● **Task brief**: Could you set down exactly the lines of the data below, starting at the one that holds "Francis II (1544-1560)." and ending at the one that holds "Brioni Men's Twill Wool Suit In Taupe", both included, and only those?

START Data shown

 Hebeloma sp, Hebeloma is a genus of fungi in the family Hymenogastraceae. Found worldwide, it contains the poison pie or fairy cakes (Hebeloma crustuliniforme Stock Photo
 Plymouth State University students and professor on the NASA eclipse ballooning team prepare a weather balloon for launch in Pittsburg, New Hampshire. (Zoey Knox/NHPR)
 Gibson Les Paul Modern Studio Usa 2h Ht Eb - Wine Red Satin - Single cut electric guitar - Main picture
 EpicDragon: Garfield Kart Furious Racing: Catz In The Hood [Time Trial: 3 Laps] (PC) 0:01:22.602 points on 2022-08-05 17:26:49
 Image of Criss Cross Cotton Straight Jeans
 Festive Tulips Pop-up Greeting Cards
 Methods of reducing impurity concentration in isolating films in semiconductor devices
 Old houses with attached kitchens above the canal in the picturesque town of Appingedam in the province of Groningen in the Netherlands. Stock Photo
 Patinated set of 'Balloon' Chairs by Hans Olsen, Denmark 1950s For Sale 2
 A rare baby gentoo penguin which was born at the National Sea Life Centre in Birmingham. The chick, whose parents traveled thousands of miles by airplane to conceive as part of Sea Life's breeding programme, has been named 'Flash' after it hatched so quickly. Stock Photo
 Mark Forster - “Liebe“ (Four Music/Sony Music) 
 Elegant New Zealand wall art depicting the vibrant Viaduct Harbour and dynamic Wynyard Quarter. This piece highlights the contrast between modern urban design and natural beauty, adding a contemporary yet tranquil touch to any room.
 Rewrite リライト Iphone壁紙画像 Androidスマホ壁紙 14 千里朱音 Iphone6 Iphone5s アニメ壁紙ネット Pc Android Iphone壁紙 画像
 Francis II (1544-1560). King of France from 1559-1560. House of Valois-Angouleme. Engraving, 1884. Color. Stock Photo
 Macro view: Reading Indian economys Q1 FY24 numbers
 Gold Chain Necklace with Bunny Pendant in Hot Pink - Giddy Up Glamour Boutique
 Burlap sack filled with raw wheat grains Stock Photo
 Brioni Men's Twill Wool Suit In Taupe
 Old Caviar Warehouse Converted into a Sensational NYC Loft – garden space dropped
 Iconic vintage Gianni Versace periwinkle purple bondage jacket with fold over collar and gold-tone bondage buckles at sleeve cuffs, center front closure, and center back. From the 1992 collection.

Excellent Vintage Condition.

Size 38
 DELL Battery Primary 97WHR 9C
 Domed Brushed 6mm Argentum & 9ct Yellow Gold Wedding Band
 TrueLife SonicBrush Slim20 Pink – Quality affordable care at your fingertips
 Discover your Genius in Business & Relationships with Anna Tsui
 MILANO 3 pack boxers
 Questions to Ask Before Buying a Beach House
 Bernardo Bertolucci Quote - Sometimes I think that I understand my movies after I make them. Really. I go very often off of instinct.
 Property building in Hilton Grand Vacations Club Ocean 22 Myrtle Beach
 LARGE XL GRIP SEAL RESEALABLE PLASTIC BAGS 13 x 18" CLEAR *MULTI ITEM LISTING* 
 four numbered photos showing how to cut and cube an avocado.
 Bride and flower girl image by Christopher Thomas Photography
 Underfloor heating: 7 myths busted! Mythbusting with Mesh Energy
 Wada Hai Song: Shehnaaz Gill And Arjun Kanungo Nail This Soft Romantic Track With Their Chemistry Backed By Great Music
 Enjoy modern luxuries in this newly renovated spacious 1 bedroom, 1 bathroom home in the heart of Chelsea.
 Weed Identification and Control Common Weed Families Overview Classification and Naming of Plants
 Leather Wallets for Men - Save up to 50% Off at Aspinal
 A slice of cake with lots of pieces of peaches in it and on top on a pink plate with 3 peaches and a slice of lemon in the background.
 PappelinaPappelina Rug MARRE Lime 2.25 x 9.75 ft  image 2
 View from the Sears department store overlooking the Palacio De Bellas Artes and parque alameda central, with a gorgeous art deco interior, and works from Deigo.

END Data shown

● **Task solution**:
 Francis II (1544-1560). King of France from 1559-1560. House of Valois-Angouleme. Engraving, 1884. Color. Stock Photo
 Macro view: Reading Indian economys Q1 FY24 numbers
 Gold Chain Necklace with Bunny Pendant in Hot Pink - Giddy Up Glamour Boutique
 Burlap sack filled with raw wheat grains Stock Photo
 Brioni Men's Twill Wool Suit In Taupe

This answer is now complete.